Ross also believes that Morel has the defensive skills to play short stops competently at the main league level, as well as the offensive way to reach the lead. Players with such a versatile and athletic player are hard to find. The overall package – with a seemingly endless amount of positive energy – gives Morel more opportunities to bet than he inevitably falls, and more runway to make adjustments for the Premier League throwers.

The decline or stagnation of the 2016 World Cup winners is an obvious deterrent. However, the organisation’s international intelligence team identified Morel as a key target before the teenager signed a contract with Cubs in 2015. The organization’s hit department worked with Morel to make some changes to his right-handed momentum. Rossi’s coaching staff trusts him in first-class defensive positions and at the top of the lineup. A player with such a history, profile and attitude should be in Chicago for a long time.

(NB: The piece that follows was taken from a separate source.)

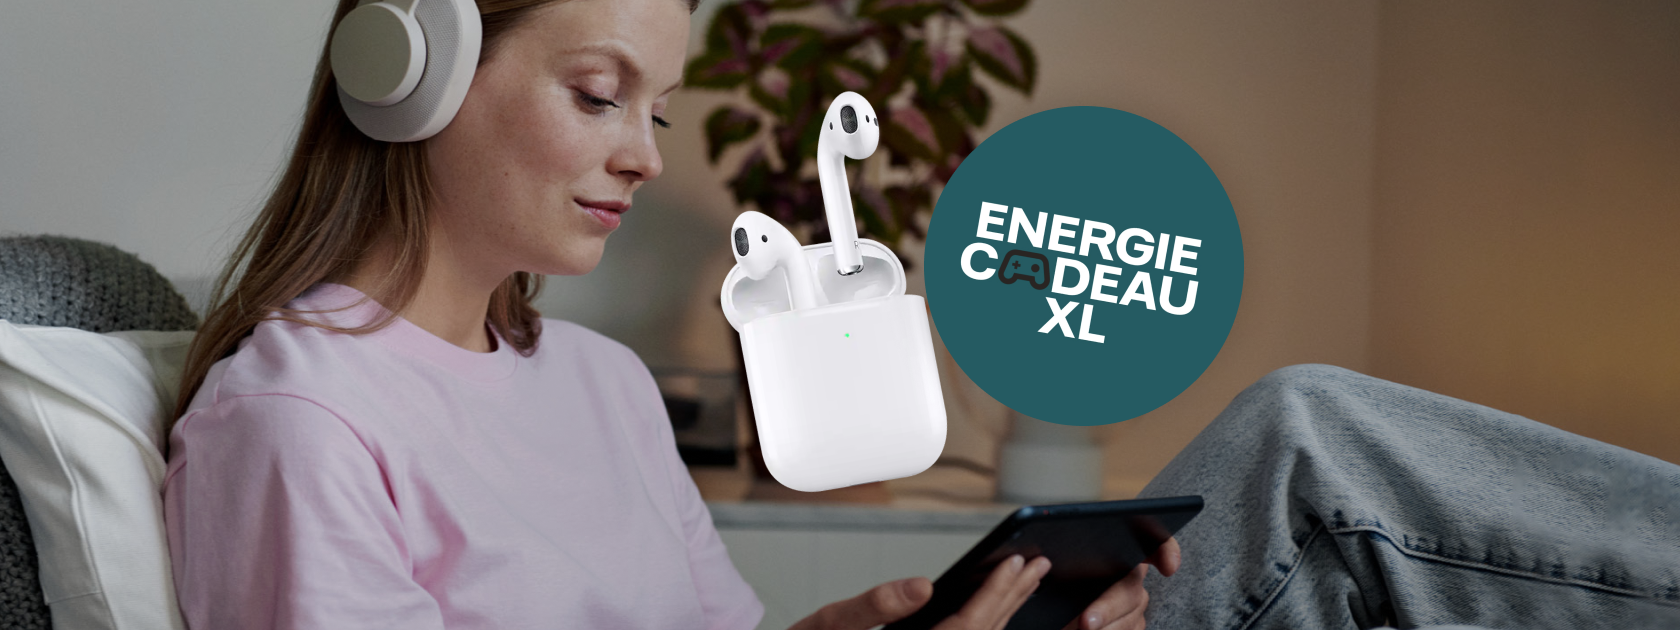 Nuon energie aanbieding: Gratis Apple Airpods t.w.v. € 229,-

“It’s been a real bright place,” Hoyer said. “It’s something I’m looking forward to seeing. At some point, there’s a slight downfall for him here. It’s just the essence of our game. You’re not going to keep that pace. It’s very important to see how he handles these things.”

Do you feel that the business side is concerned or worried about the quality of the program shown on the Marquee Sports Network before and after the actual game? – Kimberly F.

You must keep in mind that regional sports networks do not exist to win Emmy Awards. These ventures should make a lot of money for teams and business partners. The balance sheet is always a scoreboard. It’s also probably useful to think that Marquee is more of a placeholder – while MLB is exploring power outage rules and direct-to-consumer options – rather than a groundbreaking idea that club leaders once sold at the Cubs conference. Leaving WGN, NBC Sports Chicago and ABC-7 meant the Cubs could better control their destiny as the media landscape changed.

Until the new business model is fully operational, games will feed the regional sports network much more than aid programs. The Cubs cared enough about their broadcasting portfolio to instruct Marquee to leave Len Kasper and Jim Deshaies as the main pair in the TV booth when the cable channel was launched in February 2020. It was a bad time because the sports world was about to close and the team was in action. competitive window closing.

Not everyone likes Twitter all the time, but Kasper substitute Jon “Boog” Sciambit is widely regarded as one of the best baseball broadcasters and has been assigned to some of the biggest games in the sport while working on ESPN. Marquee’s employs a lot of talented and experienced professionals – and it also responds to the team it includes – a structure that inevitably creates uncomfortable moments.

To get an idea of ​​how to cover an iconic team in a big market – and navigate this policy – read John “Moon” Mullin’s remarks to the Chicago Tribune by Dan Wiederer, Melissa Isaacson for the Daily Herald and KC Johnson. NBC Sports for Chicago. Mullin, 74, died on Father’s Day after a long battle with cancer and a remarkable run when the bear defeated a writer in these media outlets.

Mullin’s diverse background – casual work and corporate communication before jumping into the press – gave him empathy and perspective in covering Halas Hall’s drama. Always generous in his time and insights, Mullin helped younger reporters learn the mechanisms of punch writing, emphasizing the importance of trusting his instincts, treating sources honestly, and not making criticism personal. Mullin saw the world much farther than the NFL on Sundays, but his curiosity and competitiveness prompted him to interact with coaches, agents and players who were buried in the depth chart. Mullin played a long game and created meaningful relationships, which was expressed in the authoritative voice he used in his columns and TV appearances. That tone of conversation, in print or on air, didn’t change much as Mullin sat down to have lunch or had a drink with his colleagues in court, telling old stories about Bear’s beat, the inner workings of the Tribune Tower, or his jokes as a student at the University of Dayton. . RIP Moon.